С тех пор как она находилась здесь, она не бодрствовала, но и не спала – Брошенная в темницу, сломленная горем, она не могла более отличить явь от сна, грезу от действительности, день от ночи. Все смешивалось, дробилось, колебалось и расплывалось в ее мыслях. Она не чувствовала, не понимала, не думала, порою лишь грезила. Никогда еще живое существо не стояло так близко к небытию.
Так, оцепенев, заледенев, окаменев, она почти не слышала, как раза два-три где-то над головой с шумом открывался люк, не пропуская при этом ни малейшего света; через этот люк чья-то рука бросала ей корку черного хлеба. А между тем эти регулярные посещения тюремщика были единственно оставшейся у нее связью с людьми.
Лишь одно еще заставляло ее бессознательно напрягать слух. Над ее головой сквозь заплесневевшие камни свода просачивалась влага, и через равные промежутки срывалась капля воды. Узница тупо прислушивалась к звуку, который производили эти капли, падая в лужу подле нее.
Эти падавшие в лужу капли были здесь единственным признаком жизни, единственным маятником, отмечавшим время, единственным звуком, долетавшим до нее из всех земных шумов.
Время от времени в этой клоаке мглы и грязи она ощущала, как что-то холодное, то там, то тут, пробегало у нее по руке или ноге; тогда она вздрагивала.
Сколько времени пробыла она в узилище? Она не знала. Она помнила лишь произнесенный где-то над кем-то смертный приговор, помнила, что ее потом унесли и что она проснулась во мраке и безмолвии, закоченевшая от холода. Она поползла было на руках, но железное кольцо впилось ей в щиколотку, и забряцали цепи. Вокруг нее были стены, под ней – залитая водой каменная плита и охапка соломы. Ни фонаря, ни отдушины. Тогда она села на солому. И только время от времени, чтобы переменить положение, она переходила на нижнюю ступеньку каменной лестницы, спускавшейся в склеп.

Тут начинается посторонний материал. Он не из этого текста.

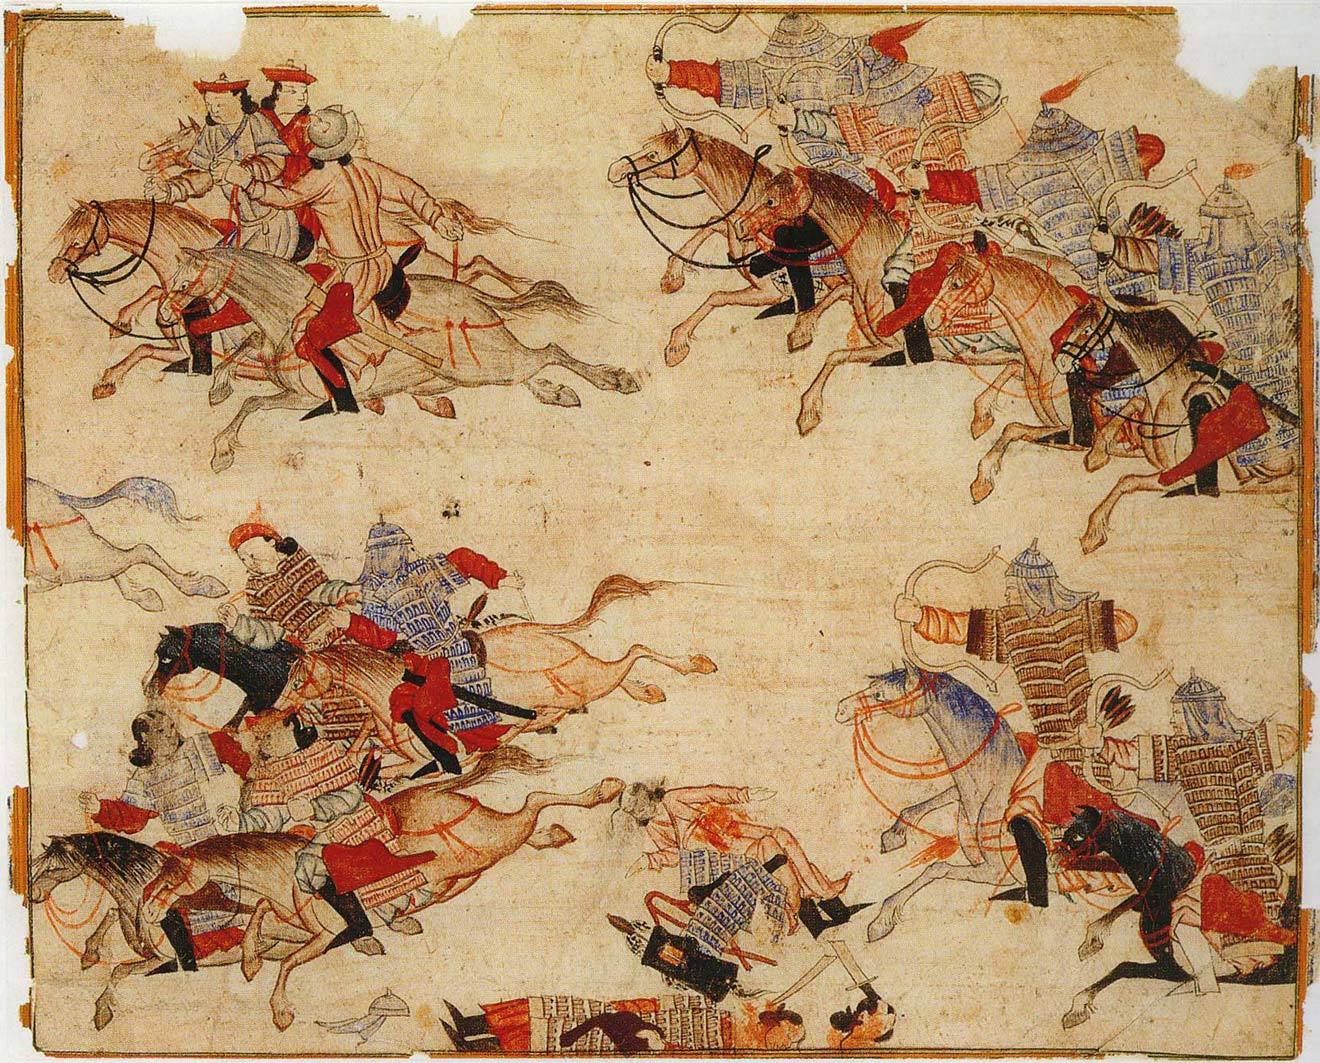 Контрольная работа по теме Борьба за великое княжение в период монголо-татарского ига

Она попробовала считать мрачные минуты, которые ей отмеривали капли, но вскоре это жалкое усилие больного мозга оборвалось само собой, и она погрузилась в полное оцепенение.
И вот однажды, то ли днем, то ли ночью (полдень и полночь были одинаково черны в этой гробнице) она услышала над головой более сильный шум, чем обычно производил тюремщик, когда приносил ей хлеб и воду. Она подняла голову и увидела красноватый свет, проникавший сквозь щели дверцы или крышки люка, который был проделан в своде каменного мешка.
В ту же минуту тяжелый засов загремел, крышка люка, заскрипев на ржавых петлях, откинулась, и она увидела фонарь, руку и ноги двух человек. Свод, в который была вделана дверца, нависал слишком низко, чтобы можно было разглядеть их головы. Свет причинил ей такую острую боль, что она закрыла глаза.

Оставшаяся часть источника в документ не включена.